Adding part of deionized water (accounting for 20% of the total amount of the deionized water) and 1 part of emulsifier (sodium allylhydroxypropyl sulfonate and sodium allylsulfonate with the mass ratio of 1:1) into a B material tank, and uniformly stirring at room temperature to prepare an emulsifier solution for later use.
And adding part of deionized water (accounting for 15% of the total amount of the deionized water) and 1 part by weight of ammonium persulfate into the C material tank, and uniformly stirring to prepare an initiator solution for later use.

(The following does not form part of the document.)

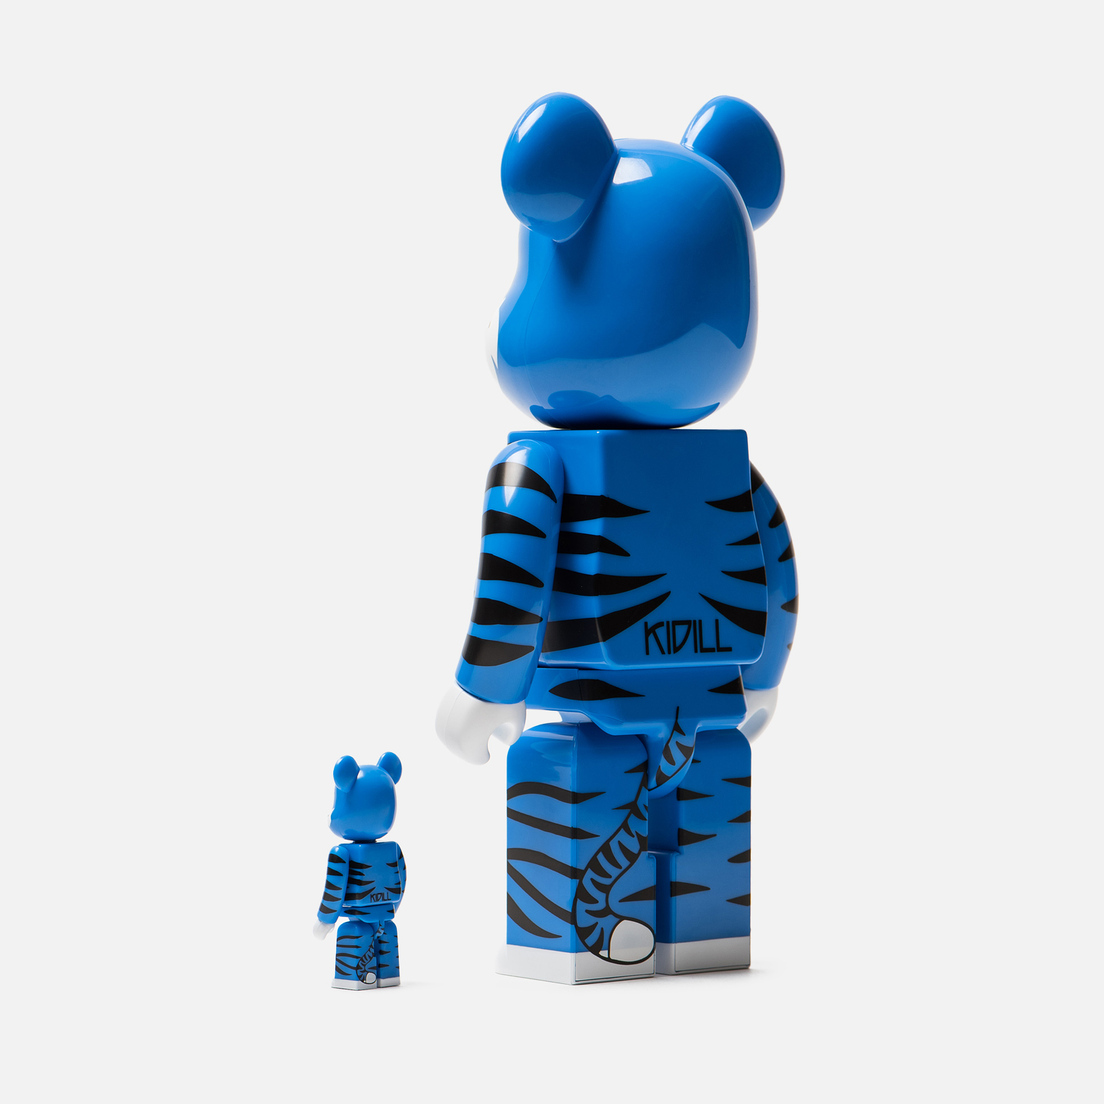 Medicom Toy Игрушка Bearbrick Kidill Bear 100% & 400%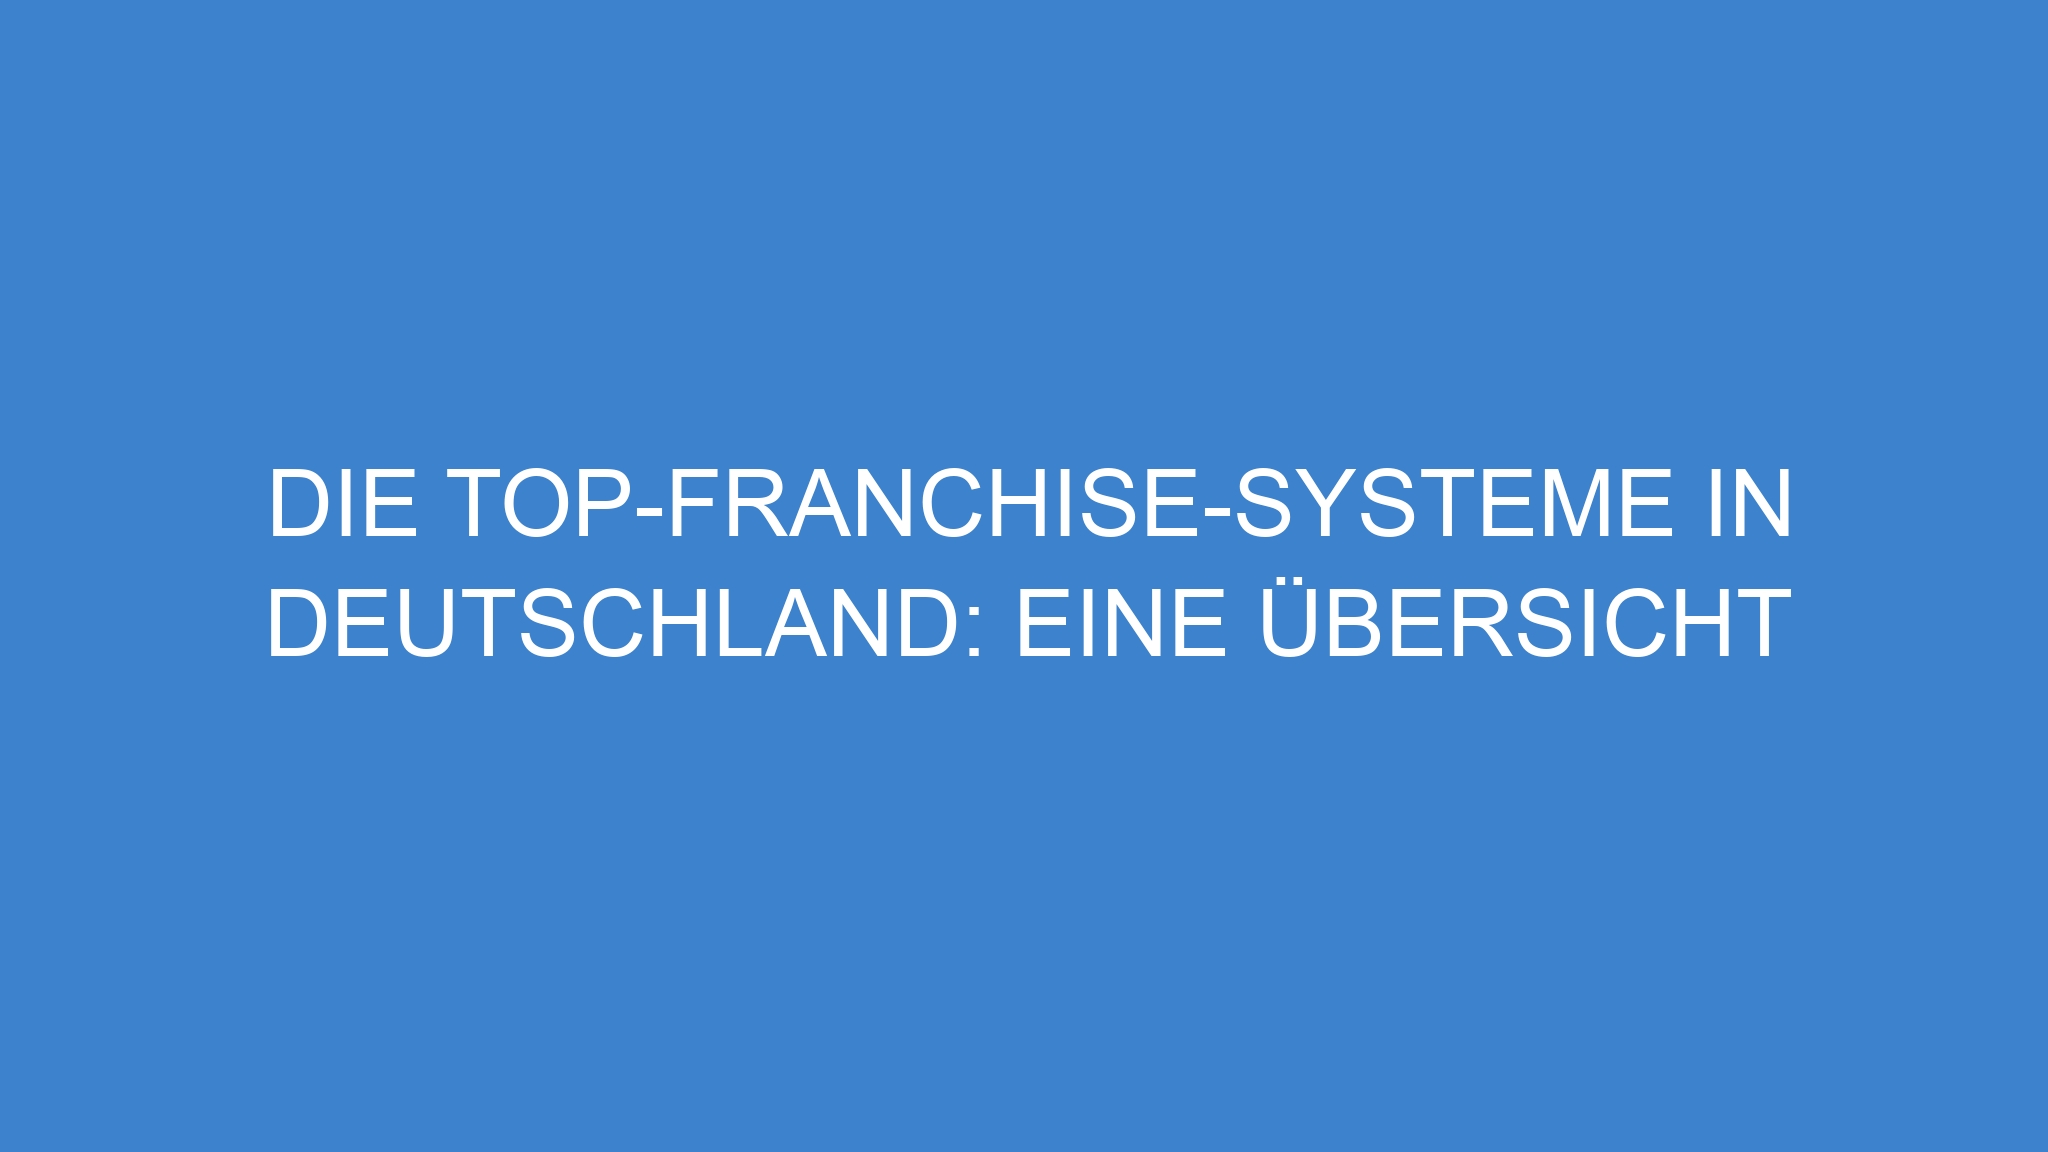 Die Top-Franchise-Systeme in Deutschland: Eine Übersicht

1.3 adding the rest deionized water (65% of the total amount of deionized water, so that the total amount of the raw materials of the functional acrylic emulsion is 100 parts by weight), 20 parts by weight of seed emulsion, 20% of emulsifier solution and 30% of initiator solution into a reaction kettle. Sealing, vacuumizing to-0.01 MPa, starting a stirring and heating device, setting the stirring speed to 80r/min, keeping the temperature for 1 hour after the temperature reaches 85 ℃, and continuously adding the prepared mixed monomer, 80% of emulsifier solution and 70% of initiator solution through a metering pump. The dropping time was controlled to 4 hours.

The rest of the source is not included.